Thelma & Louise (USA, France, 1991, director: Ridley Scott)
August 2 at 23:59 Town Hall Square
Thelma & Louise tells the story of a waitress called Louise and a housewife Thelma who decide to break out of their everyday lives and hit the road to the mountains for a weekend. Their road trip, however, turns into a crime spree after Louise kills a man who was attempting to rape Thelma. After the movie came out in 1991, it seemed that this might change completely the role of women on-screen. But Thelma & Louise celebrates its 25th anniversary this year and we are still waiting for the expected boom of female buddy pictures and hordes of female action figures. Go figure… You should definitely use the opportunity to see this movie because of the fact that you rarely have a chance to see a film where female characters make up 69% of the spoken words on the big screen. And of course, you just can’t miss the movie that salutes the true friendship with such passion.
Fitzcarraldo (West Germany, 1982, director: Werner Herzog)
August 4 at 23:00 On the viewpoint of Dome Church Northern Tower
This feverish jungle fantasy brings the divine combo – Werner Herzog and Klaus Kinski – together again. Although Fitzcarraldo is one of the most popular works of Herzog, it is maybe even more famous because of its disastrous production process than the story of the film. Albeit Fitzcarraldo is loosely based on the story of Jose Fermin Fitzcarrald, a real-life rubber baron at the turn of the 19th and 20th century, the history of the rubber era in Peru did not interest Herzog at all. The main topic of the movie is Brian Sweeney Fitzgerald’s love and obsession towards music. The love is so strong that he wants to bring opera to the Amazon jungle.
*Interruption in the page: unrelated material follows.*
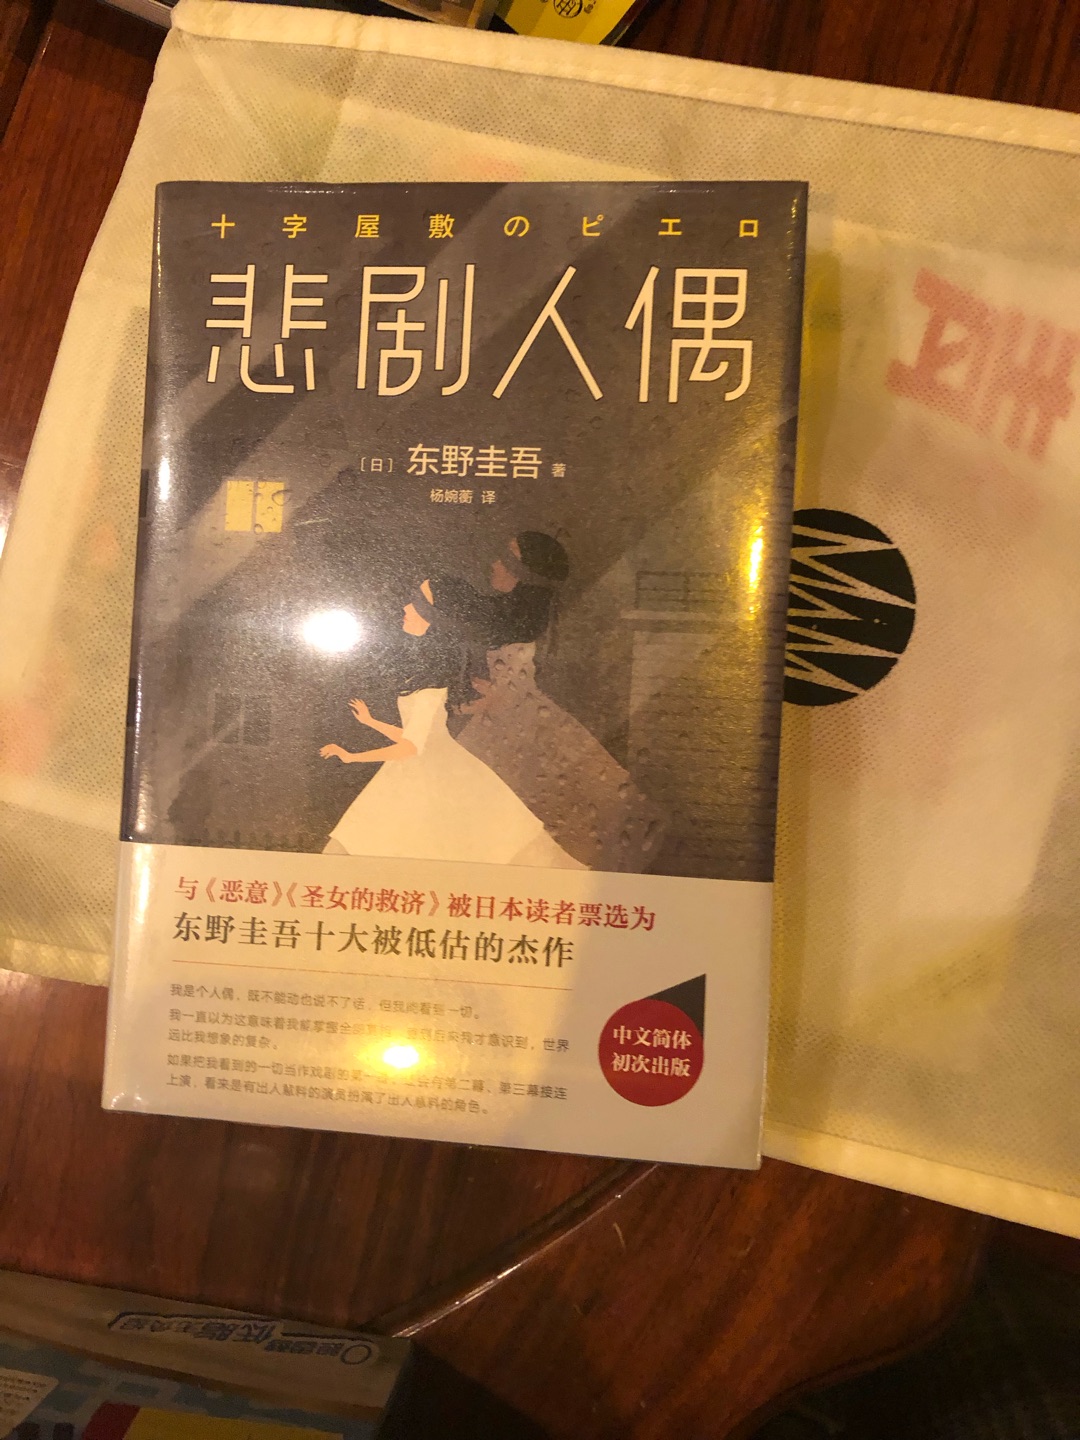 东野圭*的书是真的挺好看的，emmm包装还行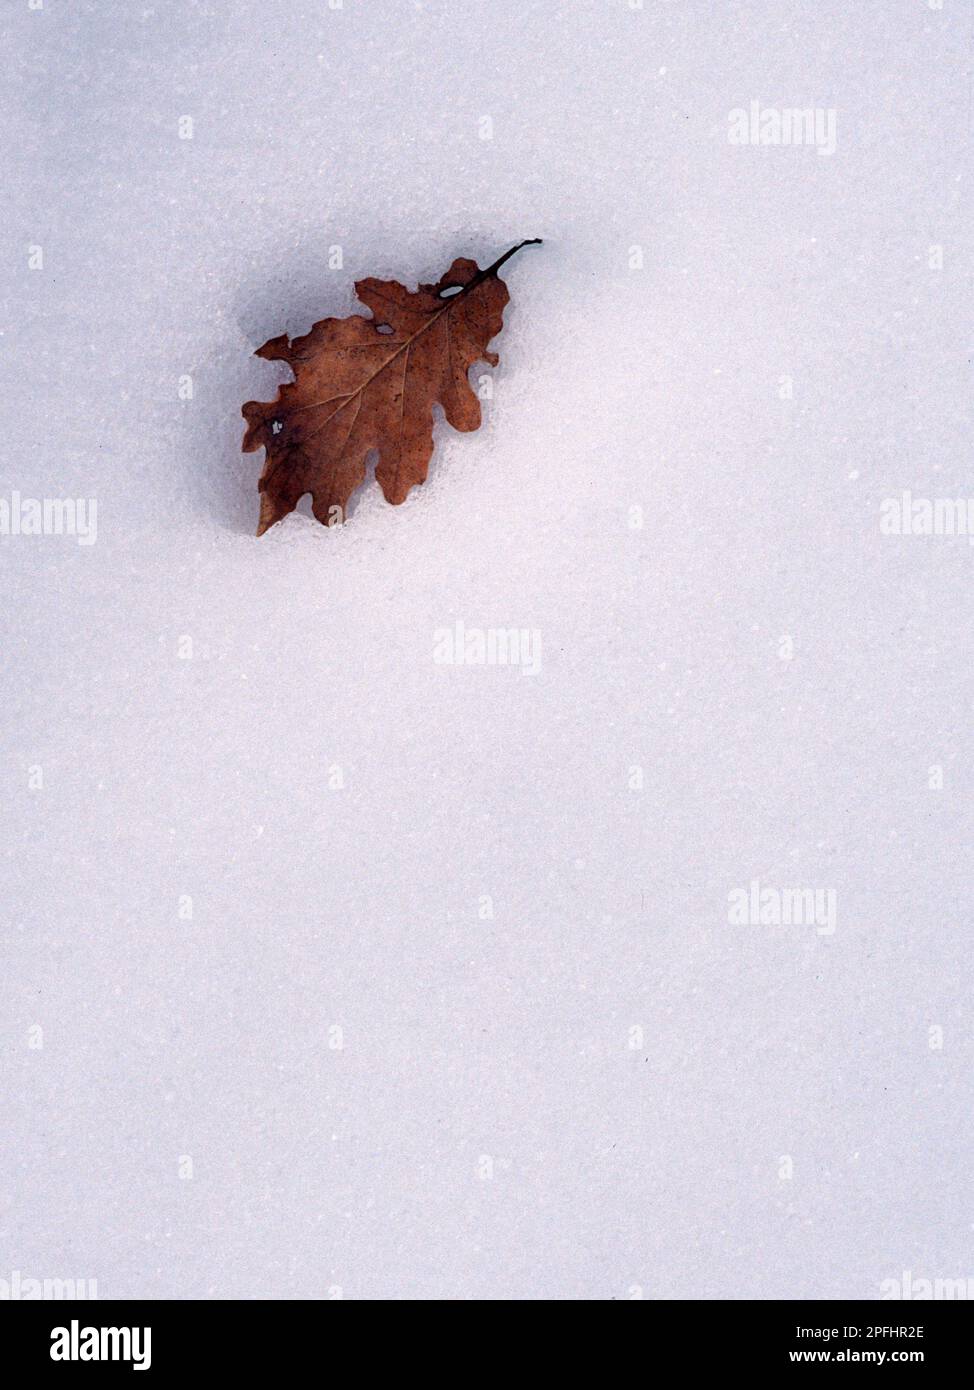 foglia di quercia e e neve.    oak leaf and snow field    Foresta di Ortakis. Bolotana. Nuoro, Sardegna, Italia Stock Photo

For this purpose, he has to raise money with his rubber business, and for that being possible, with the help of a thousand natives, he has to drag a huge boat over a mountain to create a shortcut for his rubber business. According to Herzog an image like the ship moving across a mountain should give us all courage for moving towards our own dreams.
Junction 48 (Israel, Germany, USA, 2016, director: Udi Aloni)
August 4 at 23:59 Town Hall Square
If this classic delirium of the jungle is not for you, then maybe you would like to take a look at the life of a young Palestinian musician Kareem from Lod, an Israeli city near Tel Aviv. After the car accident kills his father and bounds his mother to a wheelchair, he finds comfort in the world of hip-hop. From now on Kareem and his girlfriend Manar start to use their music to fight against the oppression of Israeli society. The role of Kareem is played and inspired by Tamer Nafar, the real life hip hop star from the first Palestinian rap band DAM who’s Arabic language lyrics are largely influenced by the Palestinian-Israeli conflict and the struggle for equal rights for Palestinians. Junction 48 is the love story with the focus on music – the universal language of freedom.
Don Juan (Sweden, Finland, 2015, director: Jerzy Sladkowski)
August 5 at 19:00 Athena Center
Don Juan’s main storyline sounds almost like a horror tale. Marina, the mother of twenty-two-year-old Oleg thinks that his son is not a real man but just an autistic slacker. He doesn’t listen to the online lectures of the University of Nizhny Novgorod he supposed to listen, he doesn’t have friends nor girlfriend. Oleg’s mother has a certain plan to fix the boy at any cost and subjects him to a series of unconventional treatments. The main problem seems to be that the poor boy doesn’t even care about all the aforementioned problems until the several „helpers“ throughout the movie make it clear that a man can only be unhappy and hopeless if his main aim is not chasing girls. Although the story seems to have a happy ending it’s still quite disturbing with its unintentional message that we are worthless if we are alone.
Bugs (Denmark, Netherlands, France, Germany, 2016, director: Andreas Johnsen)
August 6 at 19:00 Athena Center
Andreas Johnsen is an extremely curious person, so when his friends at Nordic Food Lab told him about their three-year research project on edible insects, he knew he wanted to make a film about it. And he did, raising several questions about our future food: what we eat, how we produce it, where does the food come from, why do we eat what we eat, could we eat something else that might be better for our planet and healthier for us? Alongside these serious questions, the movie makers travel around the world to find out how the different insects are cooked and how they taste in various places. Must see for all the food lovers!